Records from a data collection
------------------------------------------------------------------------
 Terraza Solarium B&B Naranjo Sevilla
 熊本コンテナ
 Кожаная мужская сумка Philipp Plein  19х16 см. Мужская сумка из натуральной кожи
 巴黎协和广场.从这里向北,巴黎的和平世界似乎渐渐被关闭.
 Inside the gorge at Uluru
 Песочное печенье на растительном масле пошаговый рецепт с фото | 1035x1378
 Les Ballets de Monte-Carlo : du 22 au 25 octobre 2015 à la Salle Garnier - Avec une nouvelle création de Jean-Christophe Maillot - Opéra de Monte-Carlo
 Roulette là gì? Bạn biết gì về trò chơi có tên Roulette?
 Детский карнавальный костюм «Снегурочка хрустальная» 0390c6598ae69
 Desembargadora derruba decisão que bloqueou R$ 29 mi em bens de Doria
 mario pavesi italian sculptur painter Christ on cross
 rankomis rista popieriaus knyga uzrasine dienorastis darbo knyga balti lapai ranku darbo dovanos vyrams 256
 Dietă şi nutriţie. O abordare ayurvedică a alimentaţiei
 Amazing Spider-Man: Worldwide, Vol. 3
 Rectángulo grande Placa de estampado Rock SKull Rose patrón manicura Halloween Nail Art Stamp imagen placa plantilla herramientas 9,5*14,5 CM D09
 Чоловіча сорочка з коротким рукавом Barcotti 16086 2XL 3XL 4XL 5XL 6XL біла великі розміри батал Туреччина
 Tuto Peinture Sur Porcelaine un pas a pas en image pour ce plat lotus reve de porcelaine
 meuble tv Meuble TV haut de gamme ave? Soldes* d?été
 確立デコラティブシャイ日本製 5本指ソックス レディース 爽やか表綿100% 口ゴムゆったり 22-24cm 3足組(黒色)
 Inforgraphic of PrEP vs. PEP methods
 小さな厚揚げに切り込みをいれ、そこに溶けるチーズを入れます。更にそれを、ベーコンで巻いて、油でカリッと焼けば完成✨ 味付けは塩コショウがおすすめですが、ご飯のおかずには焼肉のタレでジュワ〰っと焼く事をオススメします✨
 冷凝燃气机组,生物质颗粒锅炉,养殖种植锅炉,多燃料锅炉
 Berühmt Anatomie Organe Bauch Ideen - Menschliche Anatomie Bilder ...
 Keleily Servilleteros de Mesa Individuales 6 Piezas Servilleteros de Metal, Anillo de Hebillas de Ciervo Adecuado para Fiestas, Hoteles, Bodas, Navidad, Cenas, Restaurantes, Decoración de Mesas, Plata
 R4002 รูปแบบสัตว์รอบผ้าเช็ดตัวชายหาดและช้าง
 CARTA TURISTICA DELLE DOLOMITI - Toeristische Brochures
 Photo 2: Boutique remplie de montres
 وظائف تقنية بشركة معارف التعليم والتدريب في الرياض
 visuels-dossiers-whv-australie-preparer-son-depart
------------------------------------------------------------------------
** What to produce **
All lines in the data above from the one with "Amazing Spider-Man: Worldwide, Vol. 3" through the one with "Berühmt Anatomie Organe" must be repeated exactly, and no others.

** Result of the exercise **
 Amazing Spider-Man: Worldwide, Vol. 3
 Rectángulo grande Placa de estampado Rock SKull Rose patrón manicura Halloween Nail Art Stamp imagen placa plantilla herramientas 9,5*14,5 CM D09
 Чоловіча сорочка з коротким рукавом Barcotti 16086 2XL 3XL 4XL 5XL 6XL біла великі розміри батал Туреччина
 Tuto Peinture Sur Porcelaine un pas a pas en image pour ce plat lotus reve de porcelaine
 meuble tv Meuble TV haut de gamme ave? Soldes* d?été
 確立デコラティブシャイ日本製 5本指ソックス レディース 爽やか表綿100% 口ゴムゆったり 22-24cm 3足組(黒色)
 Inforgraphic of PrEP vs. PEP methods
 小さな厚揚げに切り込みをいれ、そこに溶けるチーズを入れます。更にそれを、ベーコンで巻いて、油でカリッと焼けば完成✨ 味付けは塩コショウがおすすめですが、ご飯のおかずには焼肉のタレでジュワ〰っと焼く事をオススメします✨
 冷凝燃气机组,生物质颗粒锅炉,养殖种植锅炉,多燃料锅炉
 Berühmt Anatomie Organe Bauch Ideen - Menschliche Anatomie Bilder ...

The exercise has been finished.